There she became involved in Alcoholics Anonymous and got sober. Sadly the abuse was a constant throughout her life. She was raped by senior members of Alcoholics Anonymous who preyed on the vulnerable that had newly joined. And later she was assaulted by a doctor she went to for eyecare. She was going blind.

But she persisted in her recovery and one of the twelve steps of AA is belief in a higher power. Ma-Nee’s sponsor suggested that she attend a twenty-eight-day residential program that focused on the twelve AA steps. She had a break through during the program.

“My kokum (grandmother) told me that, If I didn’t believe in the Great Spirit, that I should find a tree growing on a wide, flat rock and ask myself who made it grow there. That day in 1976…I began to have faith in a higher power that created and sustains the world. Today I believe in a Great Spirit as my grandmother explained it to me, which is a gentle, loving, and healing creator who lives within us and all around us, and is neither man nor woman, but both. Over the years, the AA program has helped me to be sober and to live a healthy, balanced life, but my faith in a higher power has been even more important.”

Ma-non went on to attend a year-long training course to become an alcoholism counsellor. She participated in the translating of the AA Big Book into Ojibwe and Cree. And she traveled to remote communities to participate in AA events.

After a second marriage she learned of AA meetings for lesbians and gays and began to be more aware of her sexuality. She was still living with her husband, Nate, and invited him and the kids when she learned of a large womyn’s music and cultural festival in Winnipeg. At one point they came upon a performance that was womyn-only and Ma-non chose to stay.
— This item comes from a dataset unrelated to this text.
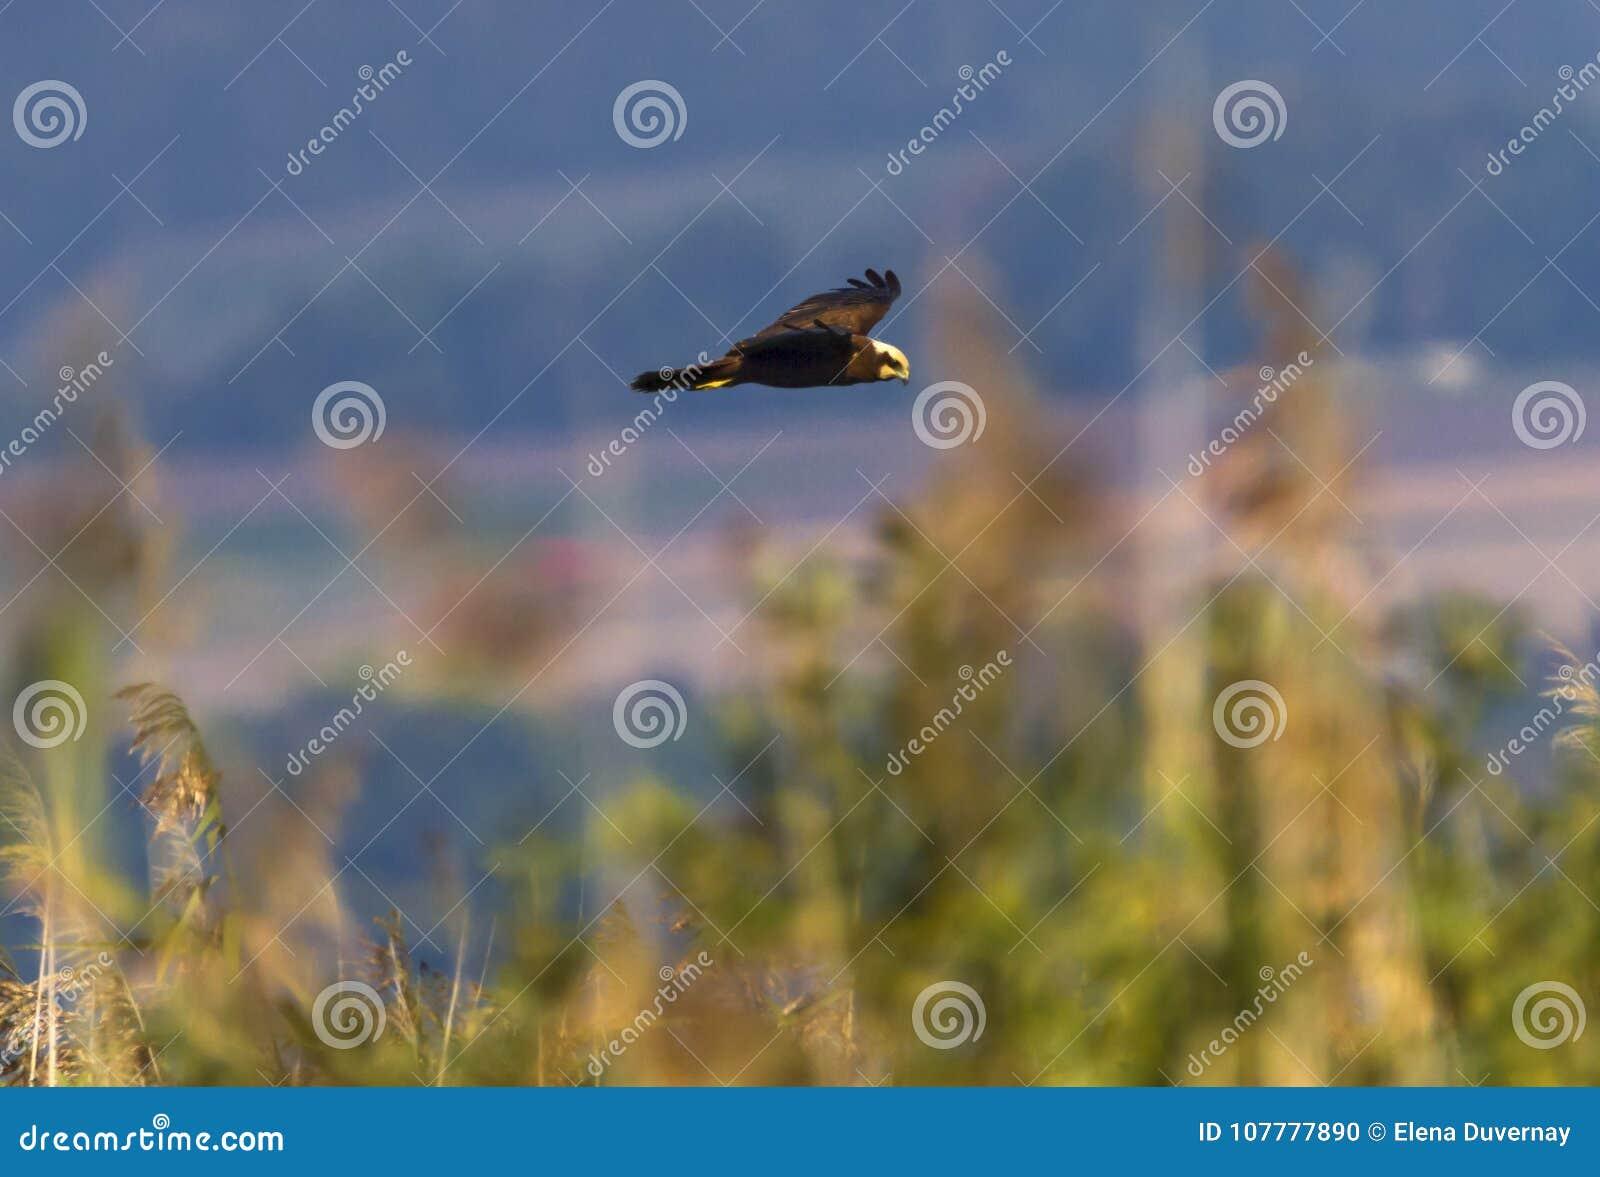 Eurasian or western marsh harrier, circus aeruginosus, flying upon reeds, Neuchatel lake, Switzerland

“The women-only performance was mainly attended by lesbians but I did not realize that at the time. At first I just sat and listened to the musician, whose songs drew me in right away. Listening to her, I felt like I was coming alive in ways I had not felt for a long time…I felt like I was no longer alone.” There were several womyn in that circle who would become her friends and one who would become her lover.

She moved to Boston to be with Leah and got a job in a half-way house working with pregnant womyn in recovery. After her time with Leah, Ma-non was single for ten years until she met Grace. A relationship that lasted for 20 years.

I highly recommend A Two-Spirit Journey: The Autobiography of a Lesbian Ojibwa-Cree Elder. I read it in a single day, in a few hours. It spoke to me of the social and cultural markers that we share with our Canada cousins: the incredible ongoing violence against womyn; gender as a social construct dictating how womyn are supposed to behave, dress, wear their hair and makeup; Tuberculosis; and the introduction of AIDS to the Native population. But also the risk of coming out, potlucks and womyn’s festivals. I related to her story on so many levels and truly believe that you will too.